I’m trying to come up with a elegant way of backing up my docker volumes. I don’t really care about my host and the data on the host, because everything I do happens inside my docker containers and the mapped volumes. Some containers use mapped paths, but some others use straight up docker volumes.
I’ve started writing a script that inspects the containers, reads all the mount paths and then spins up another container to tar all the mounted paths.
docker run --rm --volumes-from $container_name-v /data/backup:/backup busybox tar cvf /backup/$container_name.tar $paths
So far so good, this works and I can write all backups to my storage and later sync them to an offsite backup space.

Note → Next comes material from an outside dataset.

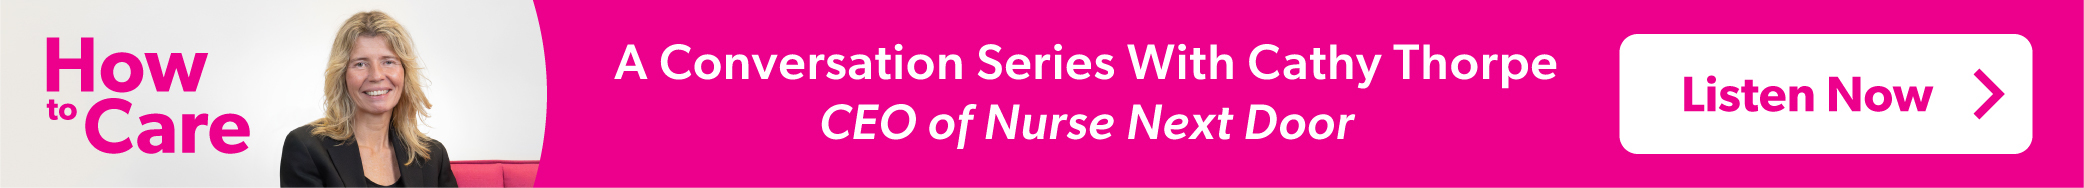 A conversation series with Cathy Thorpe CEO of Nurse Next Door

But error handling, (nice)logging and notifications using ntfy in case of success / errors / problems is going to suck in a bash script. Local backup file rollover and log file rollover also just suck if I have to do all this by hand. I’m able to use other languages to write this backup util but I don’t want to start this project if there already is a ready made solution.
So the question, is there a utility that can simply schedule arbitrary bits of script, write nicer logs for these script bits, do file rollovers and run another script on success / error?
All the backup programs that I can find are more focused on backing up directories, permissions and so on.
Backup for docker is no different than backing up anything else.
Volumes are located in
/var/lib/docker/volumes
by default, so just back up that directory with Restic or Borg, or something like Backrest if you want notifications and stuff handled for you.Or you can do mount points to a directory instead of using volumes and back that up, but it’s really the same process.